Enterprises should benchmark realistic query shapes on target storage tiers rather than assuming on‑prem-like performance. OneLake’s documentation calls out caching semantics and limitations; these should be included in early performance tests.

Cost modeling

Querying large Parquet datasets directly from object storage can increase egress and I/O cost if not controlled. OneLake caching can reduce repeated egress, but cache sizing and retention windows must be planned and tested. Operational teams should model:

Per‑query IO cost (scans × bytes read) vs pre‑aggregating or staging to hot analytics storage.
Cache hit rates and the impact of concurrency on cache efficiency.
Chargeback/FinOps policies when backups or shared data are used by multiple teams.

Vendor messaging sometimes cites headline savings from zero‑copy designs; those figures are environment‑dependent and should be validated with pilot measurements.

Data consistency and restore semantics

If enterprises treat certain OneLake artifacts as backups or point‑in‑time snapshots, they must verify that the Iceberg/Delta conversion preserves the application‑consistent semantics required for restores. Converting backups into queryable tables is powerful, but it must not impair disaster recovery playbooks. The integration’s read‑first posture places responsibility on customers to validate restore workflows.

Governance, security, and compliance

Authentication and authorization remain centralized: OneLake uses Microsoft Entra ID and Fabric workspace permissions. ClickHouse relies on those tokens for access, meaning policy and lineage live with the OneLake catalog.

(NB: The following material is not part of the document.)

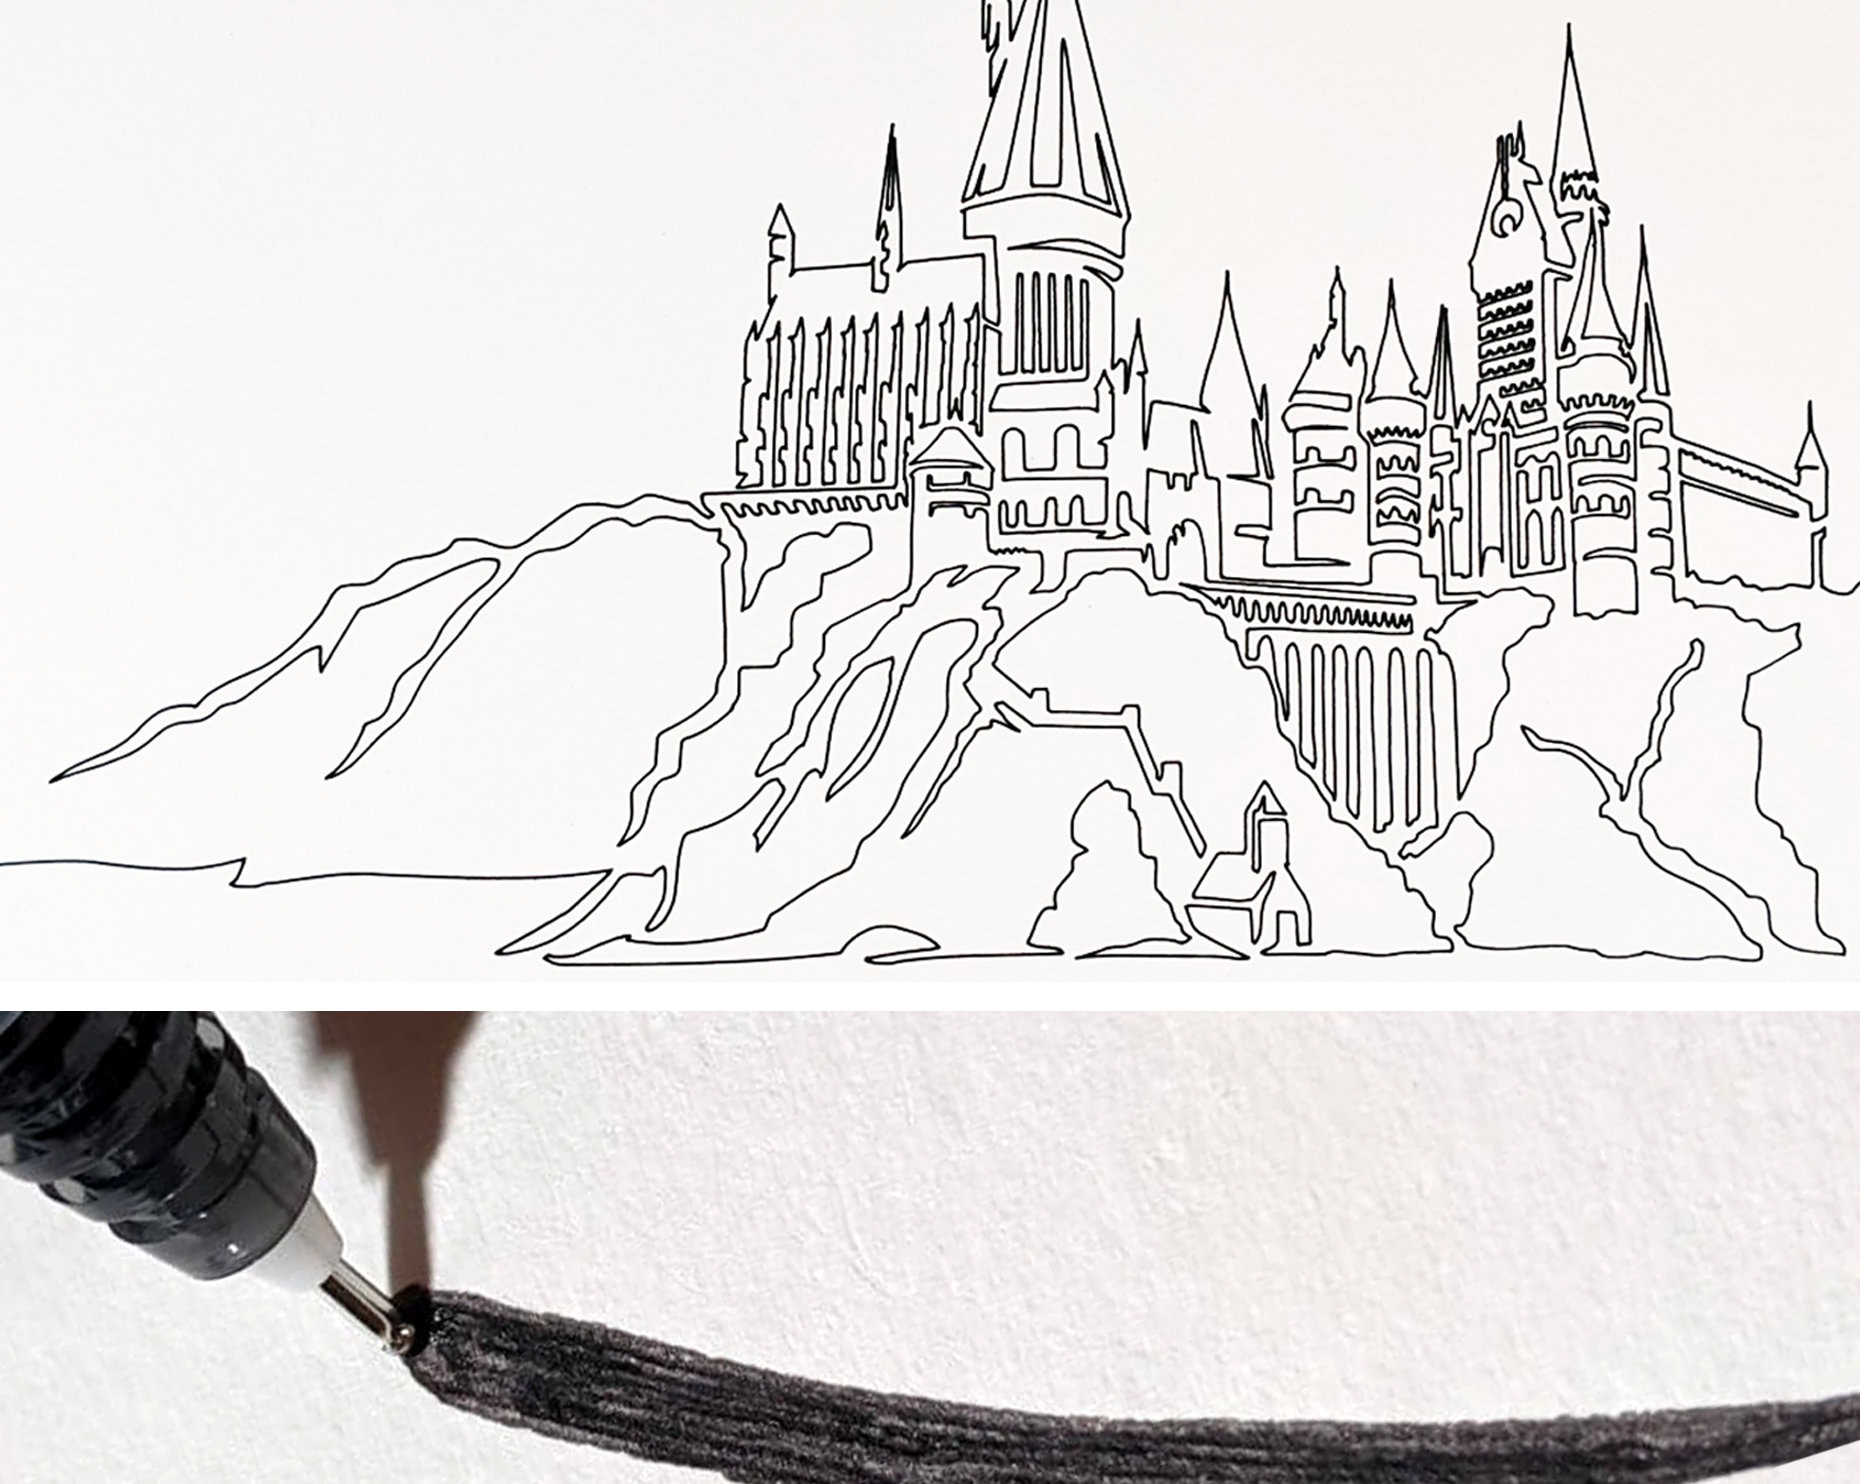 Hogwarts-castle by paooolino on DeviantArt

This preserves a single control plane for access and auditing.
However, exposing previously isolated artifacts (backups, mirrored datasets, or raw logs) to more consumer engines increases the attack surface. Organizations must map RBAC, retention, and legal‑hold semantics into OneLake’s catalog and ensure audit logs, SIEM integration, and least‑privilege tests are part of any rollout. OneLake and Fabric provide the primitives, but tenant admins must enforce them.
Data lineage and catalog visibility are preserved because OneLake manages the metadata surface. This helps compliance and simplifies traceability for governed AI/GenAI scenarios where provenance is essential.

Use cases that benefit most (and those that don’t)

Best fits

Real‑time observability and monitoring where teams need fast analytics on large telemetry streams without duplicating data.
Cybersecurity and fraud detection use cases that require combining historical logs with near‑real‑time event streams and supporting high‑concurrency queries.
Agent‑facing analytics where AI agents or Copilots need deterministic analytics (counts, aggregates) and semantic search from a single, governed surface.

Poor fits (or cases to evaluate carefully)

Very heavy full‑table scans against large cold/archival tiers without effective pruning or caching—these can be expensive and slow.
Workloads that require frequent metadata writes or transactional semantics that aren’t supported yet by OneLake Table APIs (metadata write operations remain a roadmap item).

Vendor messaging vs. realities — a critical look

ClickHouse and Microsoft pitch the story as reducing friction and enabling “zero‑copy” analytics: ClickHouse queries the same governed OneLake tables used by Fabric workloads. The technical plumbing—Iceberg REST Catalog, format virtualization, and Entra‑based auth—exists and is documented. But several caveats matter for realistic planning:

The OneLake Table APIs and some virtualization features are still in preview (with documented limitations) and therefore may behave differently across regions or tenant tiers. Early adopters should test the exact workspace and region combination they intend to use.
Many efficiency and cost claims (e.g., headline storage savings from eliminating copies) are workload‑dependent. Real savings require careful FinOps modeling that includes cache behavior, query patterns, and storage tier selection. Treat vendor percentages as hypotheses to be validated in a proof of concept.
ClickHouse’s initial release is read‑oriented; full write‑back and richer metadata operations are planned for the roadmap. If your architecture requires bidirectional metadata or transactional writes from ClickHouse to OneLake today, you’ll need to plan for a future upgrade.

Practical rollout checklist (recommended pilot approach)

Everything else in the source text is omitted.